* EXERCISE BRIEF:
The answer should be an exact repeat of the stretch of material below from the line containing "By The Sea Zaproszenia" through the line containing "Das Wrack des".

** Opening RECORDS PROVIDED block **

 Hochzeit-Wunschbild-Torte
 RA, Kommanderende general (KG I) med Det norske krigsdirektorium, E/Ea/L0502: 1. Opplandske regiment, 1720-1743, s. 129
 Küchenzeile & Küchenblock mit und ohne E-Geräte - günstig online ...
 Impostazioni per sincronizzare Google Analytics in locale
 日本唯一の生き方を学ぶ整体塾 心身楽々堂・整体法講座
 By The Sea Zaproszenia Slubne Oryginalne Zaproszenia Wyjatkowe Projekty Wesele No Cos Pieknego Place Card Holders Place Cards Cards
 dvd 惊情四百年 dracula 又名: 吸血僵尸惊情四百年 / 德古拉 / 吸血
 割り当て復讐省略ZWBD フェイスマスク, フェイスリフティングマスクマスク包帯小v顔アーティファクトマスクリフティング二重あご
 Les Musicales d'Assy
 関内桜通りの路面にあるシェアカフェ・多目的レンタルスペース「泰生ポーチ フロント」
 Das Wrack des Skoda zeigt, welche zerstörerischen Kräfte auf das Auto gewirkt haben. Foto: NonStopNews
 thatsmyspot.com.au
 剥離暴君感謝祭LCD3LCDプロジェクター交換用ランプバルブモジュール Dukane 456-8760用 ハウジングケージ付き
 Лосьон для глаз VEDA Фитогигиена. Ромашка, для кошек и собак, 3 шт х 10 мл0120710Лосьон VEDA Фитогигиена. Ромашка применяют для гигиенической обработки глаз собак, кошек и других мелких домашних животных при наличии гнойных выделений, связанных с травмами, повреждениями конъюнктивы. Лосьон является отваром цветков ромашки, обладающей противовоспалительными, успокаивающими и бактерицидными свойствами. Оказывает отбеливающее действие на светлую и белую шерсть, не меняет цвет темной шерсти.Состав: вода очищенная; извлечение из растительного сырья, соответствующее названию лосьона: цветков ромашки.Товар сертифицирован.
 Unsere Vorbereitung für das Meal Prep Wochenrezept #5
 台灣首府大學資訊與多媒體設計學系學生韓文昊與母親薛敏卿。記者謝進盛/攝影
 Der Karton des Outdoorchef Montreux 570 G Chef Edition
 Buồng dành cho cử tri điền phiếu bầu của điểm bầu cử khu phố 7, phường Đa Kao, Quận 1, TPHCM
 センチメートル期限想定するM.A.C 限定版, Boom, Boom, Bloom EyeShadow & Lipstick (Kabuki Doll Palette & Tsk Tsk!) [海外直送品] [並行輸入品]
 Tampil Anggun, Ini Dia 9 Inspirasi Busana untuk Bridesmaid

** Closing RECORDS PROVIDED block **

* ANSWER TO THE PROBLEM:
 By The Sea Zaproszenia Slubne Oryginalne Zaproszenia Wyjatkowe Projekty Wesele No Cos Pieknego Place Card Holders Place Cards Cards
 dvd 惊情四百年 dracula 又名: 吸血僵尸惊情四百年 / 德古拉 / 吸血
 割り当て復讐省略ZWBD フェイスマスク, フェイスリフティングマスクマスク包帯小v顔アーティファクトマスクリフティング二重あご
 Les Musicales d'Assy
 関内桜通りの路面にあるシェアカフェ・多目的レンタルスペース「泰生ポーチ フロント」
 Das Wrack des Skoda zeigt, welche zerstörerischen Kräfte auf das Auto gewirkt haben. Foto: NonStopNews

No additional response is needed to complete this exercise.